» **Your instructions**
The expected answer is the data below, printed verbatim without its pictures.

» **Recorded information**
•••
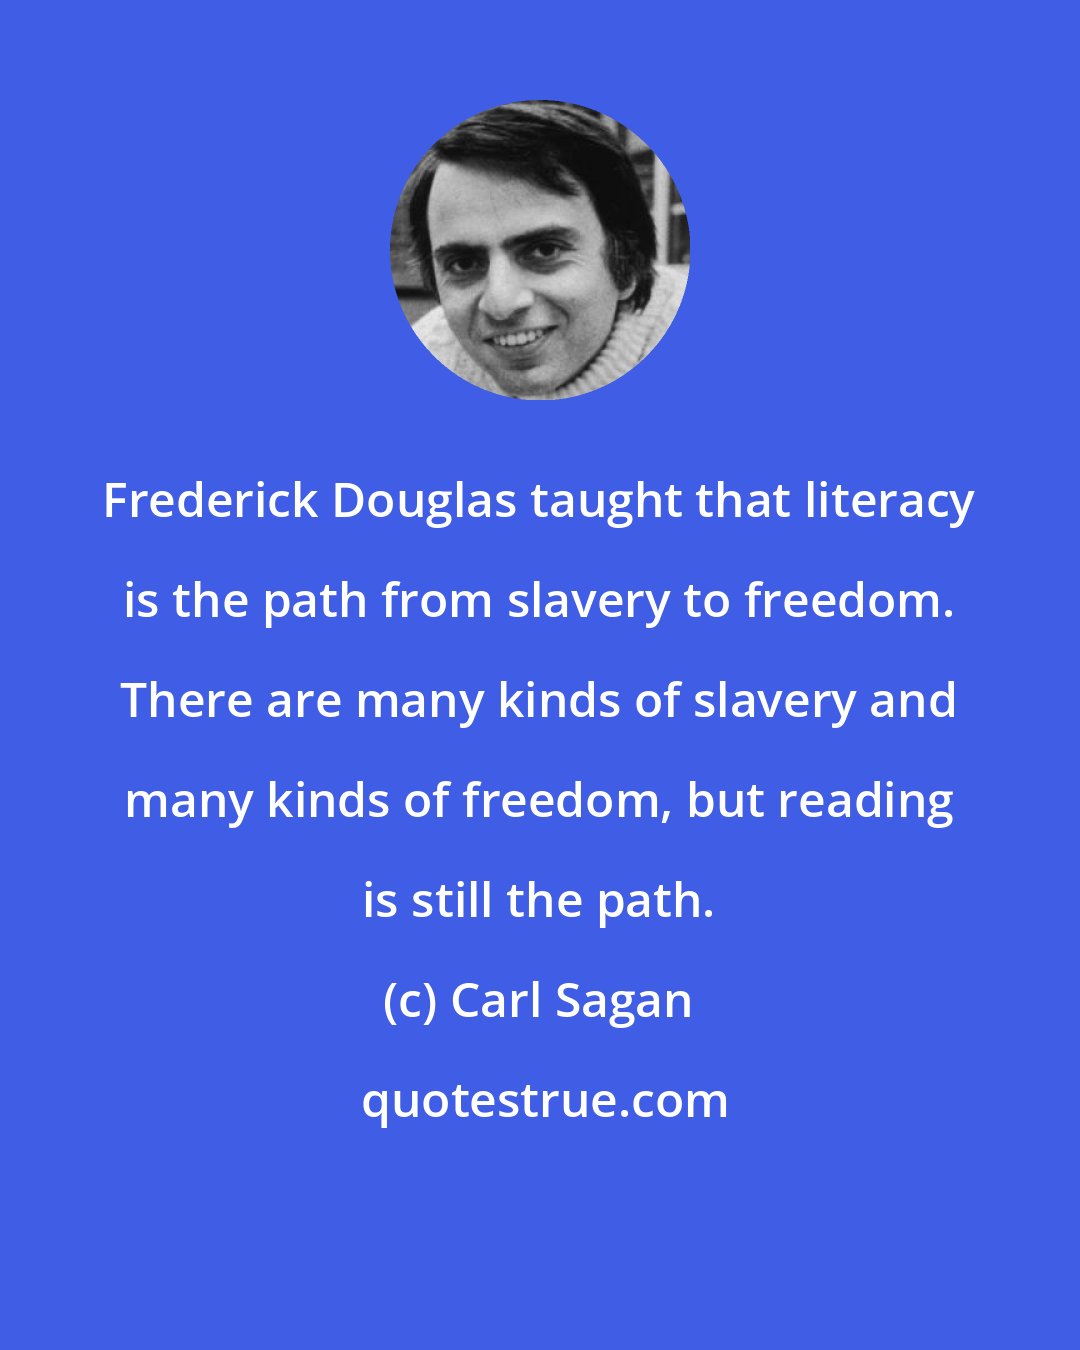 Carl Sagan: Frederick Douglas taught that literacy is the path from slavery to freedom. There are many kinds of slavery and many kinds of freedom, but reading is still the path.
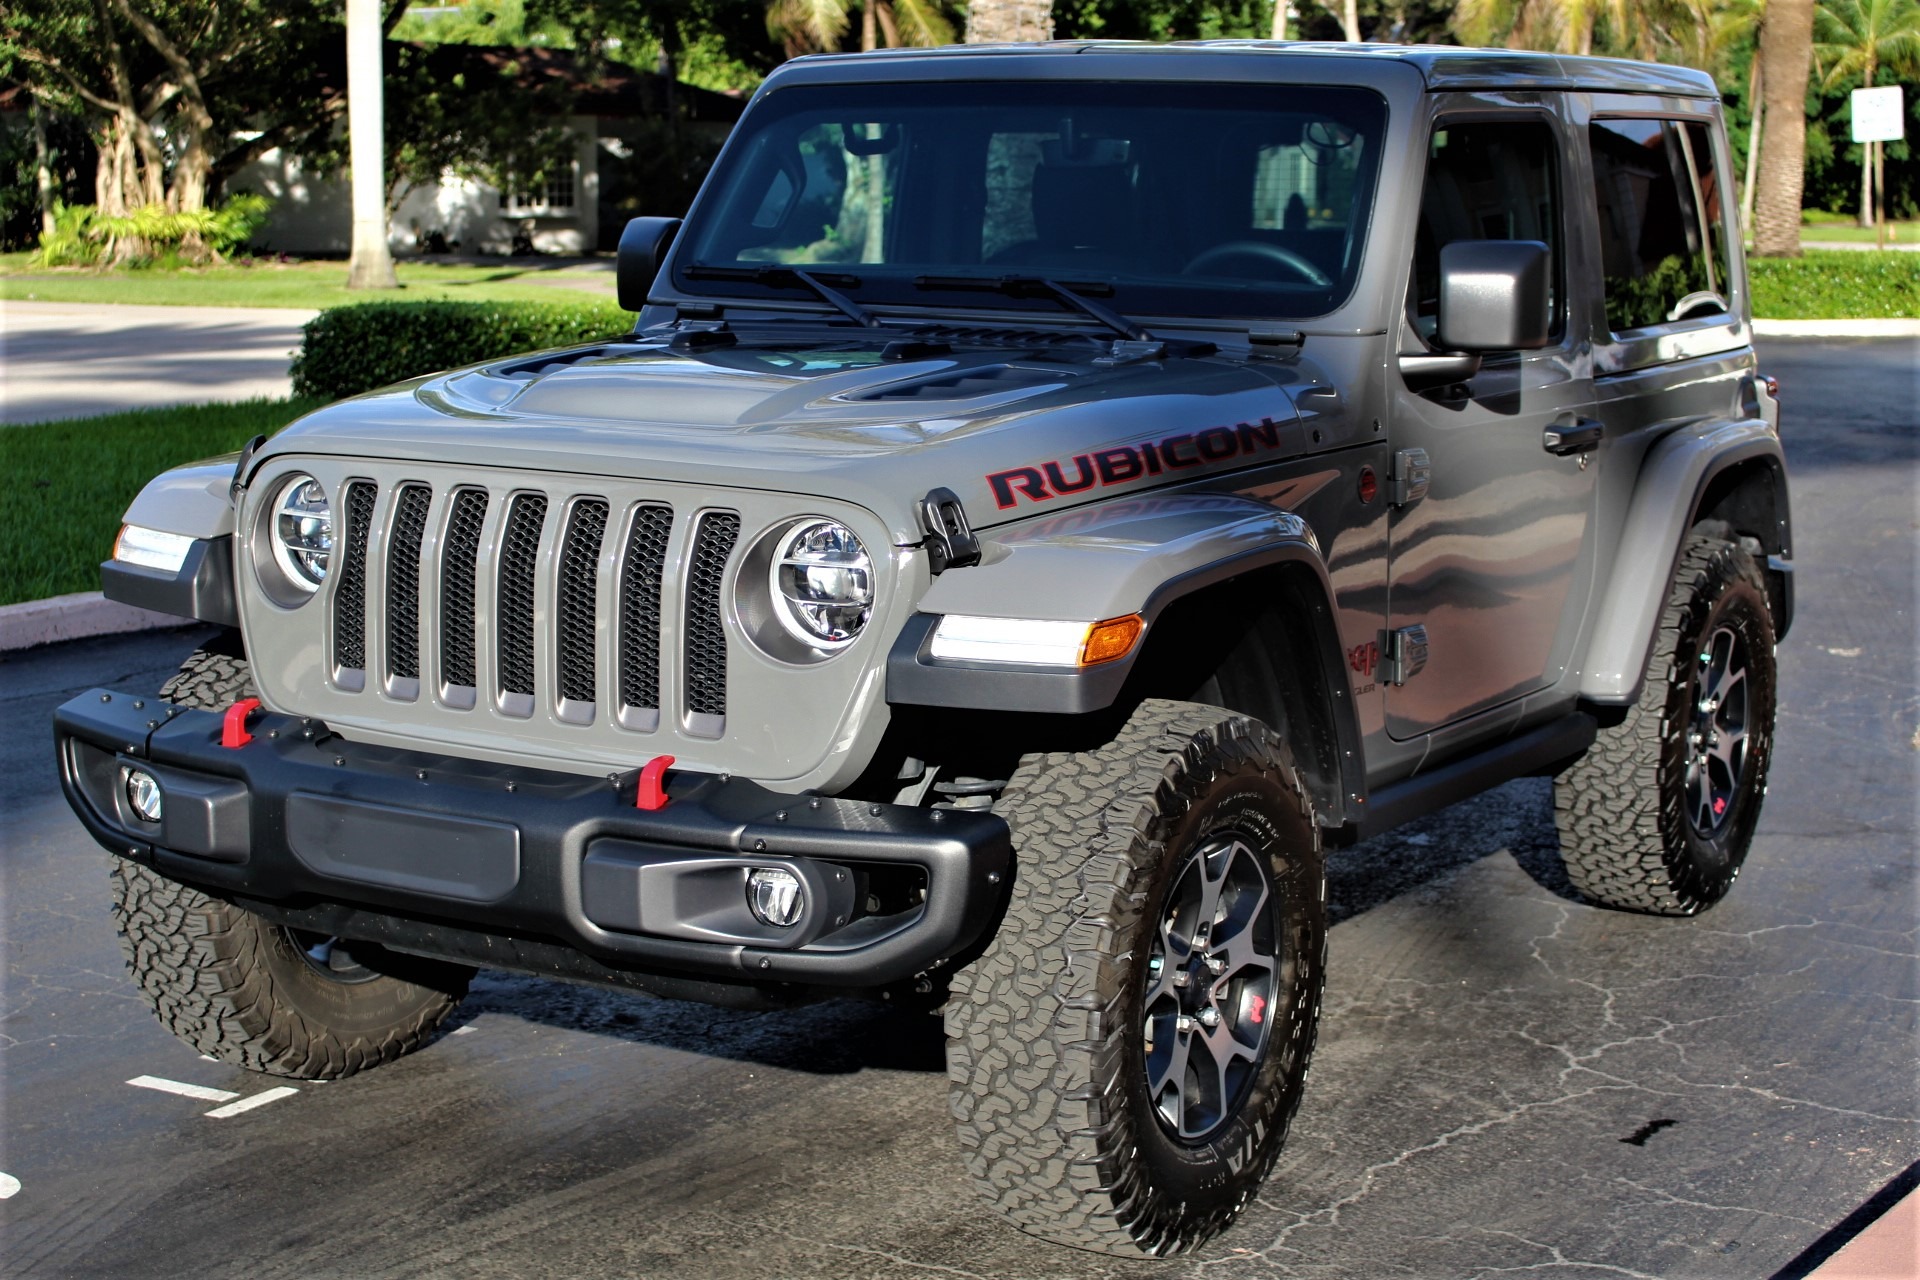 Used 2018 Jeep Wrangler Rubicon for sale Sold at The Gables Sports Cars in Miami FL 33146 3
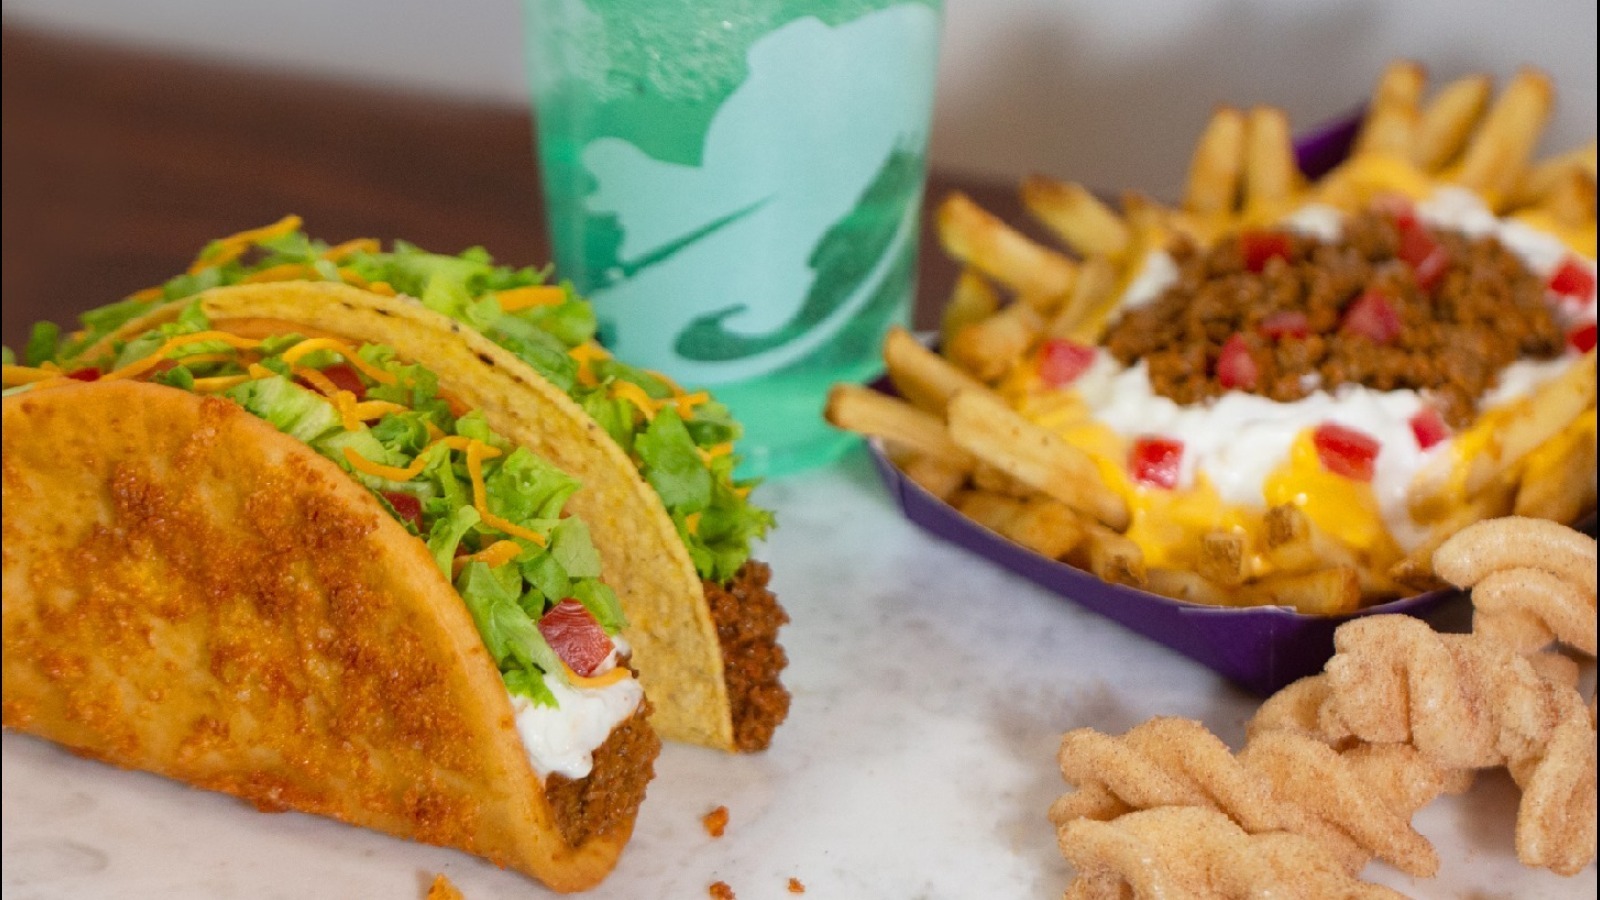 Why Taco Bell Canada Wants Fans To 'Get Messy'
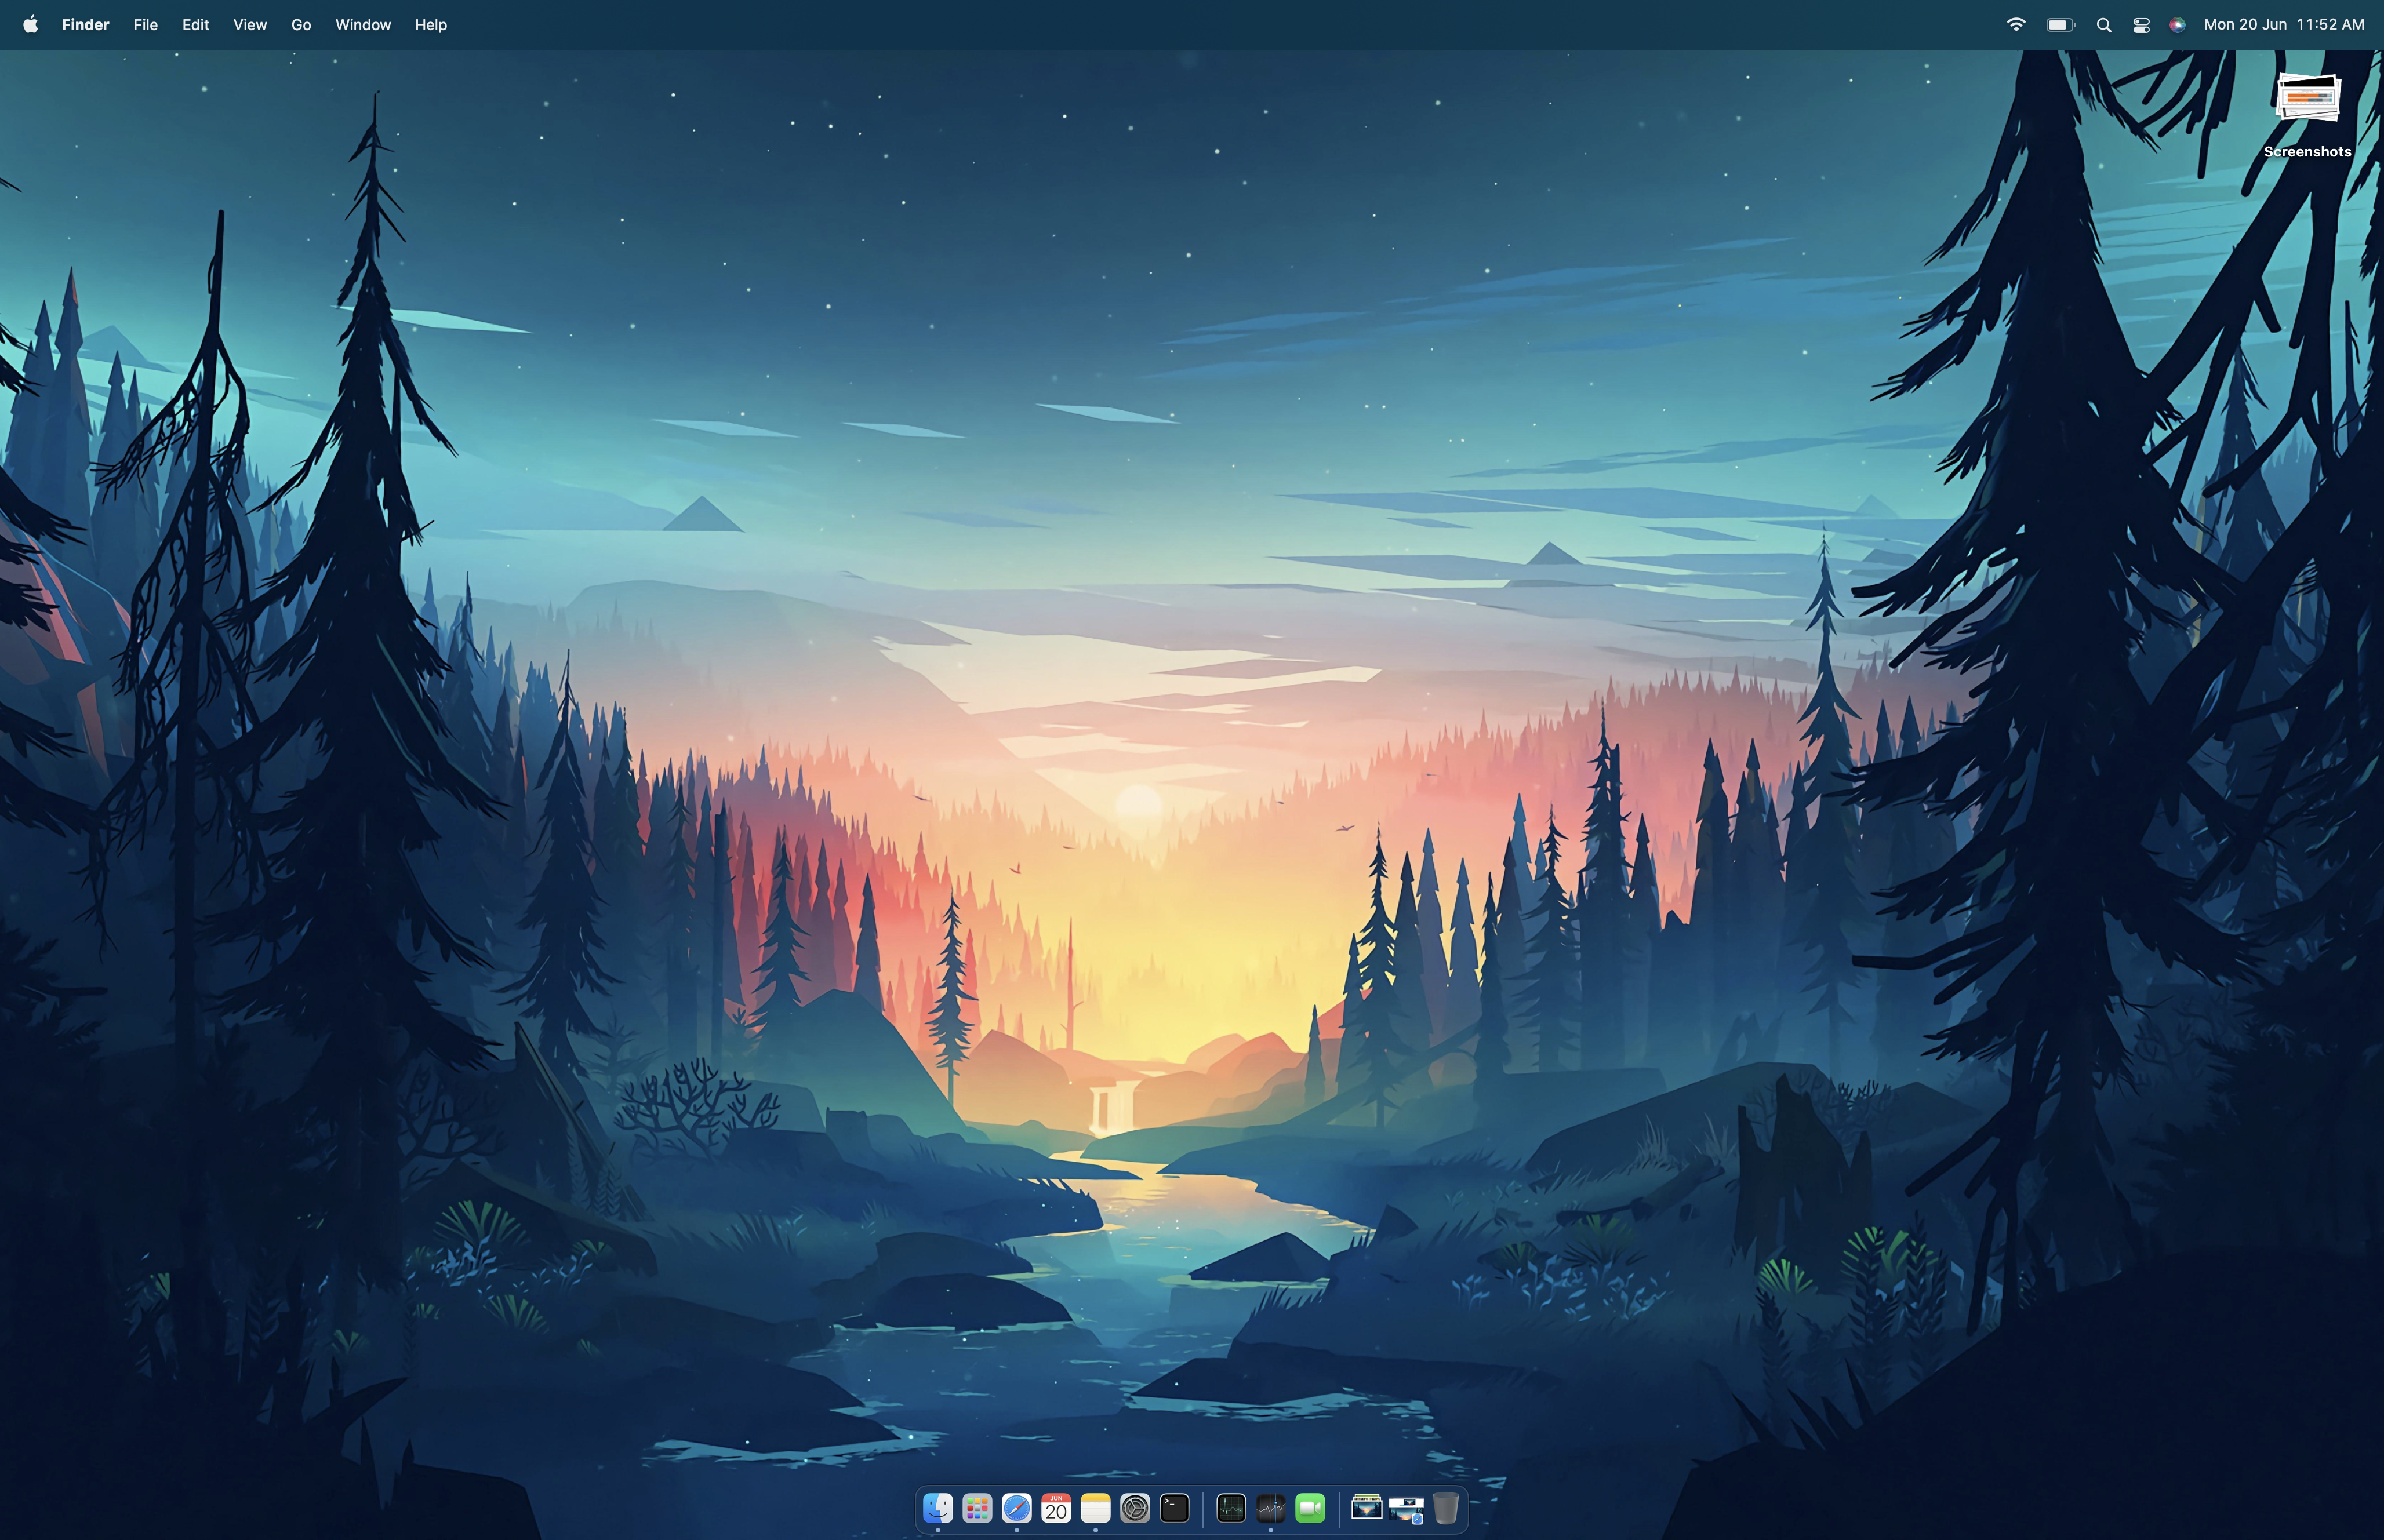 Found an awesome wallpaper that suits my Mac rmacbookpro
•••
» **Expected output**
 Carl Sagan: Frederick Douglas taught that literacy is the path from slavery to freedom. There are many kinds of slavery and many kinds of freedom, but reading is still the path.
 Used 2018 Jeep Wrangler Rubicon for sale Sold at The Gables Sports Cars in Miami FL 33146 3
 Why Taco Bell Canada Wants Fans To 'Get Messy'
 Found an awesome wallpaper that suits my Mac rmacbookpro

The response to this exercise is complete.